- Opening Delimiter -

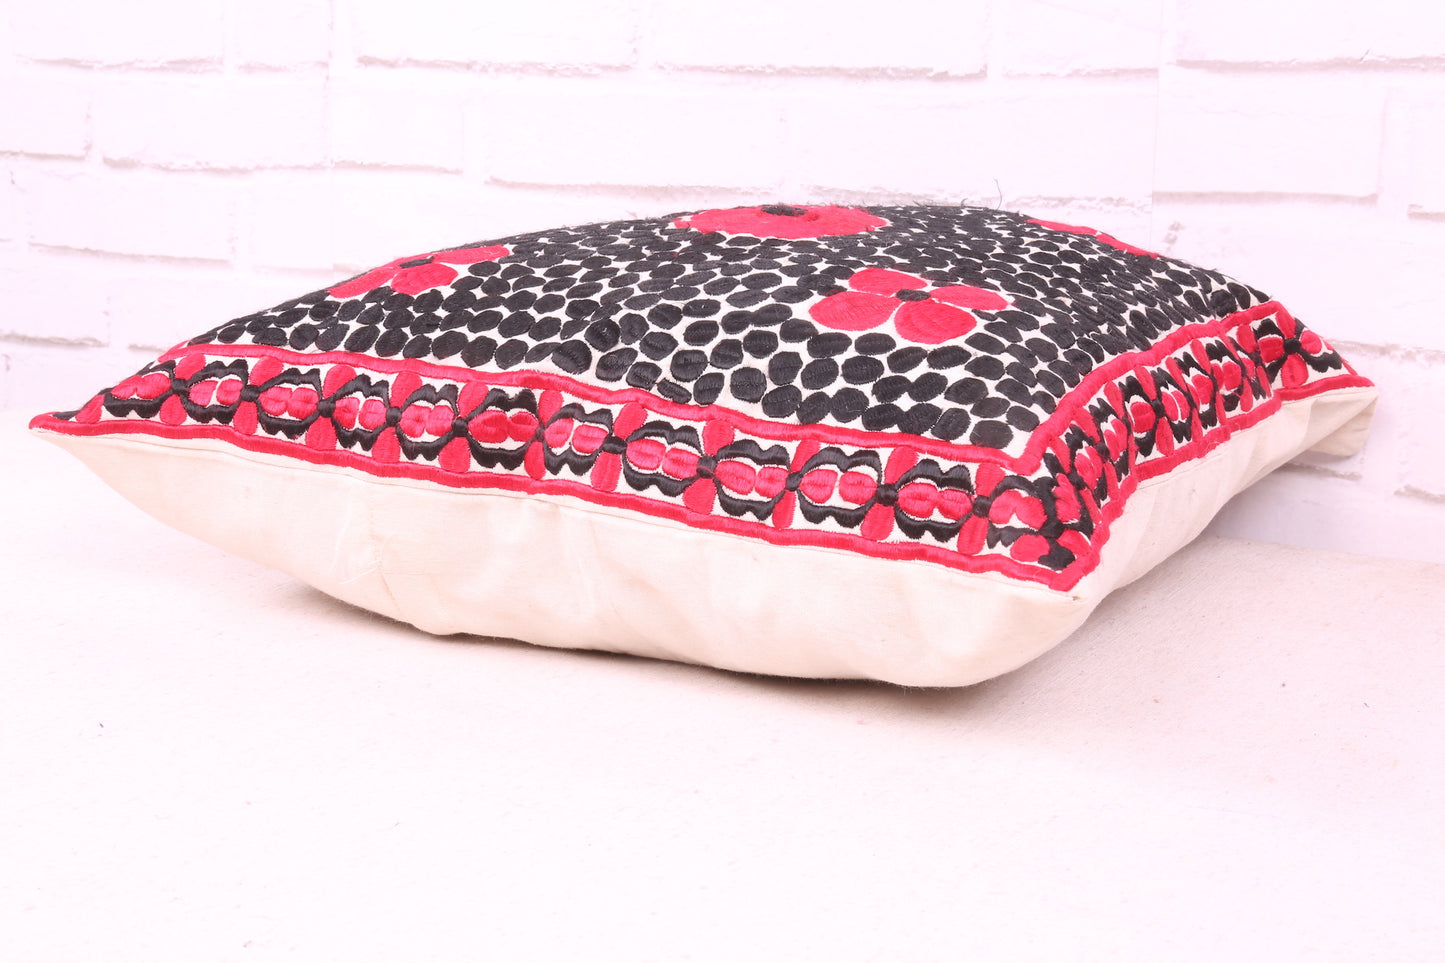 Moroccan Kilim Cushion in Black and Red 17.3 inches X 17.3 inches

- Closing Delimiter -
- Opening Delimiter -

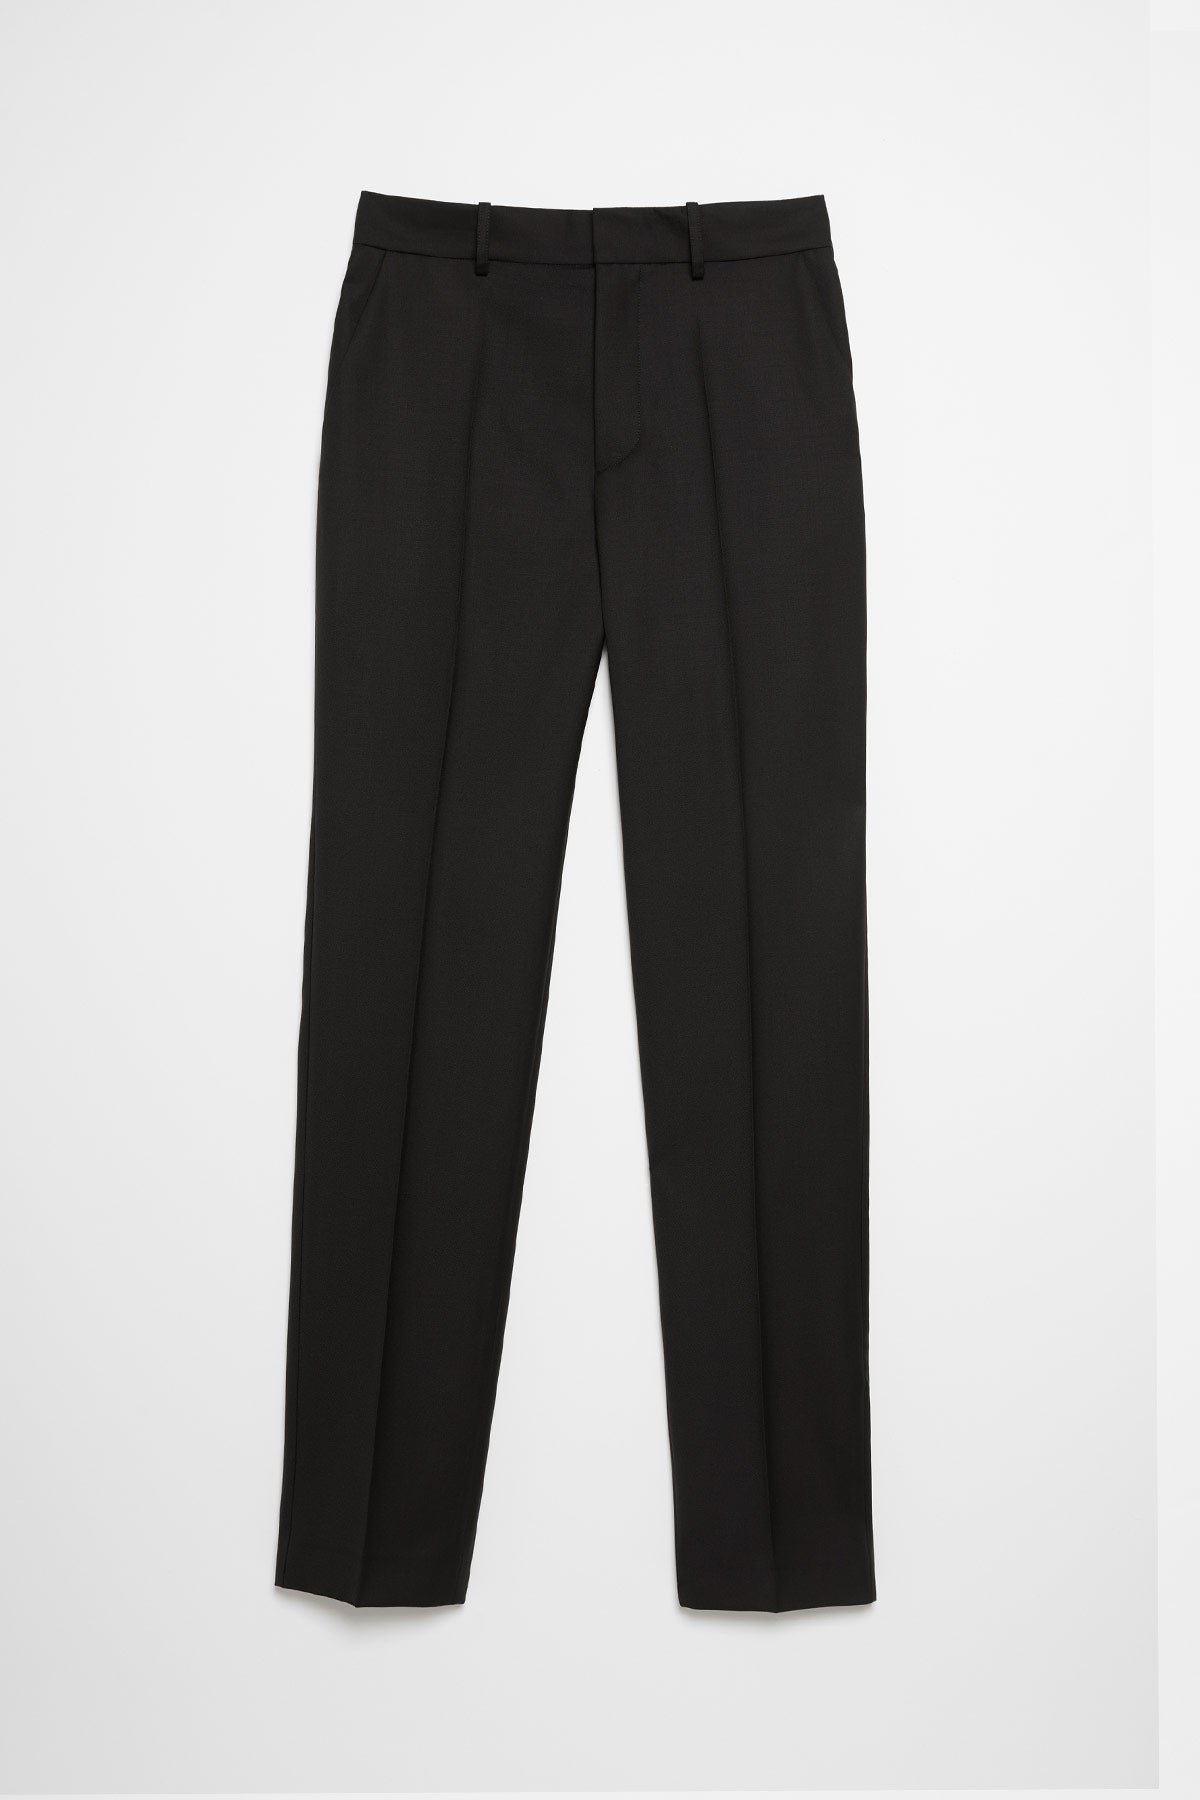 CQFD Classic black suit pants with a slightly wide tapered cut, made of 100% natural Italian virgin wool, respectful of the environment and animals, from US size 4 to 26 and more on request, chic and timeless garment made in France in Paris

- Closing Delimiter -
- Opening Delimiter -

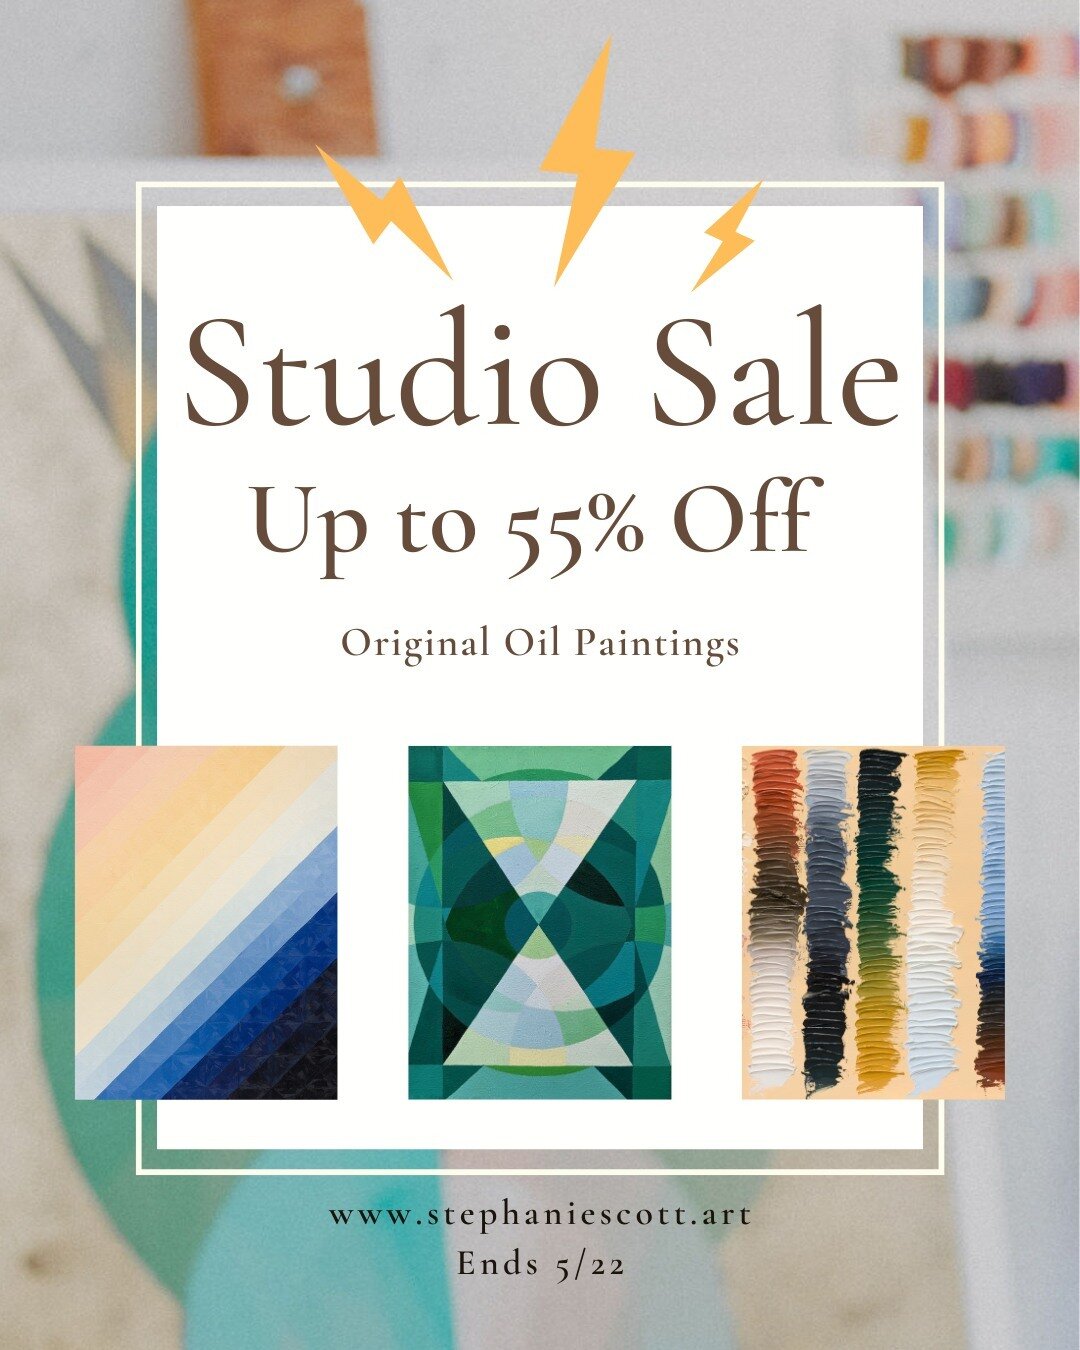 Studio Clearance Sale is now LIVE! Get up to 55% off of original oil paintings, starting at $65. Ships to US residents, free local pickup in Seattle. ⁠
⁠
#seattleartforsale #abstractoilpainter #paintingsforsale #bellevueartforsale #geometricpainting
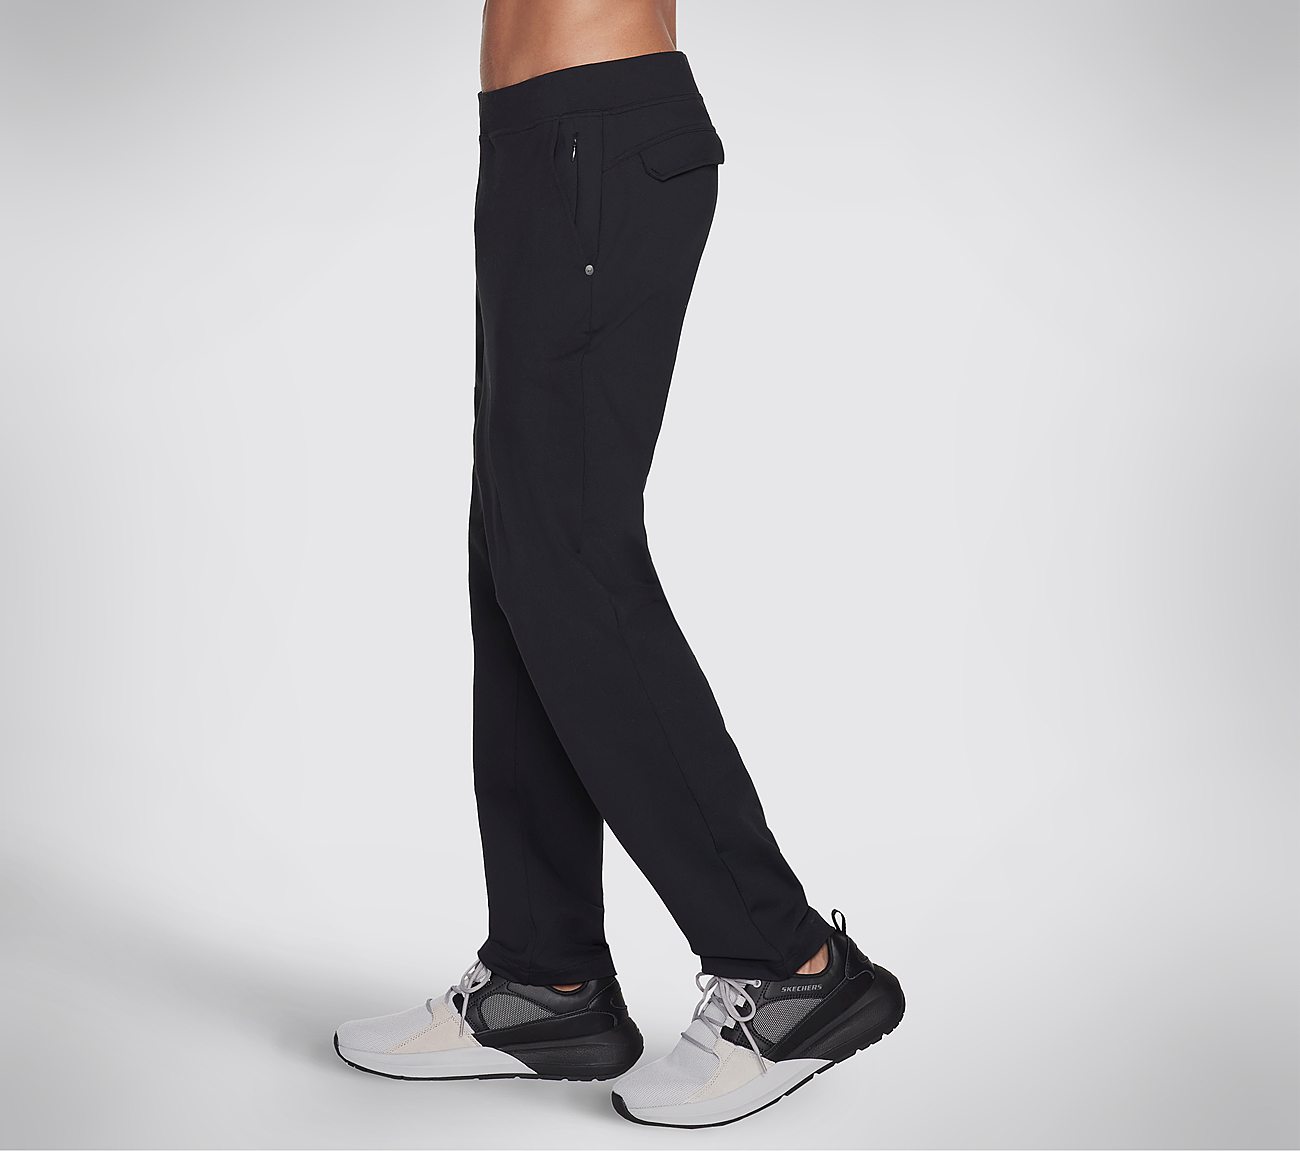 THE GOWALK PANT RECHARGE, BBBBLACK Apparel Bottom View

- Closing Delimiter -

YOUR GOAL: Copy the lines above exactly, starting at the one with "#seattleartforsale #abstractoilpainter #paintingsforsale" and ending at the one with "THE GOWALK PANT", both included. Leave out any pictures and add nothing else.

PROBLEM SOLUTION:
#seattleartforsale #abstractoilpainter #paintingsforsale #bellevueartforsale #geometricpainting
 THE GOWALK PANT RECHARGE, BBBBLACK Apparel Bottom View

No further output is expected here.